Summary: Applying a nonlinear signal processing method to experimental data, a new study reveals a connection between motor behavior and brain activity. The findings could help with the development of new brain-computer interfaces and artificial intelligence technologies.
Source: American Institute of Physics
Motor-related brain activity, particularly its accurate detection, quantification and classification capabilities, is of great interest to researchers. They are searching for a better way to help patients with cognitive or motor impairments or to improve neurorehabilitation for patients with nervous system injuries.
There is a close relationship between motor and cognitive activity of the human brain, and suppression of the specific rhythmic activity of neurons within the sensorimotor cortex of the brain — known as the mu-rhythm (8 to 14 hertz) — is a biological marker of motor-related brain activity. Studies indicate this feature of motor-related brain activity suffers from intra- and inter-subject variability when using traditional methods to explore it, such as time-frequency analysis, spatial filtering and machine learning.
In the journal Chaos, from AIP Publishing, Nikita Frolov and colleagues at Innopolis University in Russia are approaching the problem from a different angle to search for a more robust feature of brain activity associated with accomplishing motor tasks.
“We put forward the hypothesis that suppression of mu-oscillations will cause a reduction of measured brain activity signals and, consequently, reflects the simplification of underlying neuronal dynamics,” said Frolov. “To address this issue, we applied recurrence quantification analysis, which is a powerful toolbox, to explore systems complexity through the analysis of its time series.”
The group’s work confirms, for the first time, the neuronal dynamics within the sensorimotor brain area underlying the motor functions of the human brain can be simplified.
“We demonstrated this using the RQA toolbox, which is fundamentally different from traditional methods for quantification of motor-related brain activity,” Frolov said. “We also demonstrated that RQA measures of complexity are well suited to detect and classify motor tasks.”
These results show potential for developing efficient methods for classifying brain states.
“By accurately introducing a state space, you can consider any natural system as a dynamical system. For the human brain, you can create state space by taking the measured signals of its activity as the state variables,” Frolov said.
“In our study, we consider state space formed by the set of electroencephalograms (signals of electrical activity within the brain’s cortical regions) recorded within the motor cortex. This allows us to introduce the ‘state’ of the cortical region of interest and to consider it as a dynamical system.”
One of the applications of the group’s work is “implementation of RQA-based analysis of electroencephalograms as a computational core of the brain-computer interfaces for online detection, quantification, and training of brain motor functions,” Frolov said.

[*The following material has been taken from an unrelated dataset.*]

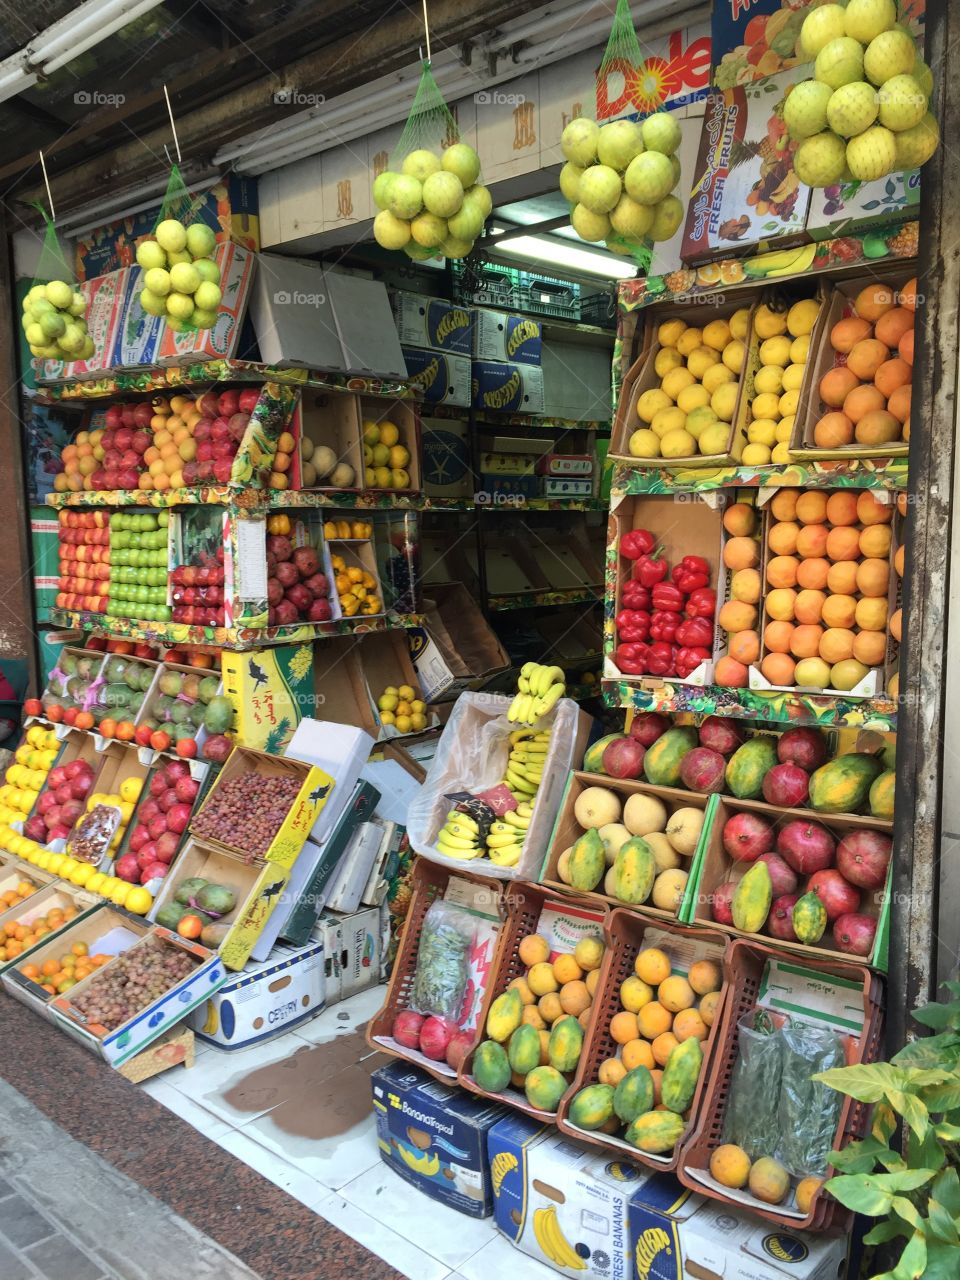 Green grocer Egypt zamelak Cairo

“This is relevant not only for the development of closed-loop interfaces for motor skills training during neurorehabilitation but also for the diagnosis of cognitive and motor impairments as well as age-related changes.”
American Institute of Physics
Larry Frum – American Institute of Physics
The image is credited to Nikita Frolov/Innopolis University.
Original Research: Open access
“Motor execution reduces EEG signals complexity: recurrence quantification analysis study”. Elena N. Pitsik, Nikita S. Frolov, Kai Hauke Kraemer, Vadim V. Grubov, Vladimir A. Maksiemenko, Juergen Kurths and Alexander E. Hramov.
Motor execution reduces EEG signals complexity: recurrence quantification analysis study
The development of new approaches to detect motor-related brain activity is key in many aspects of science, especially in brain–computer interface applications. Even though some well-known features of motor-related electroencephalograms have been revealed using traditionally applied methods, they still lack a robust classification of motor-related patterns. Here, we introduce new features of motor-related brain activity and uncover hidden mechanisms of the underlying neuronal dynamics by considering event-related desynchronization (ERD) of μ-rhythm in the sensorimotor cortex, i.e., tracking the decrease of the power spectral density in the corresponding frequency band. We hypothesize that motor-related ERD is associated with the suppression of random fluctuations of μ-band neuronal activity. This is due to the lowering of the number of active neuronal populations involved in the corresponding oscillation mode. In this case, we expect more regular dynamics and a decrease in complexity of the EEG signal recorded over the sensorimotor cortex. In order to support this, we apply measures of signal complexity by means of recurrence quantification analysis (RQA). In particular, we demonstrate that certain RQA quantifiers are very useful to detect the moment of movement onset and, therefore, are able to classify the laterality of executed movements.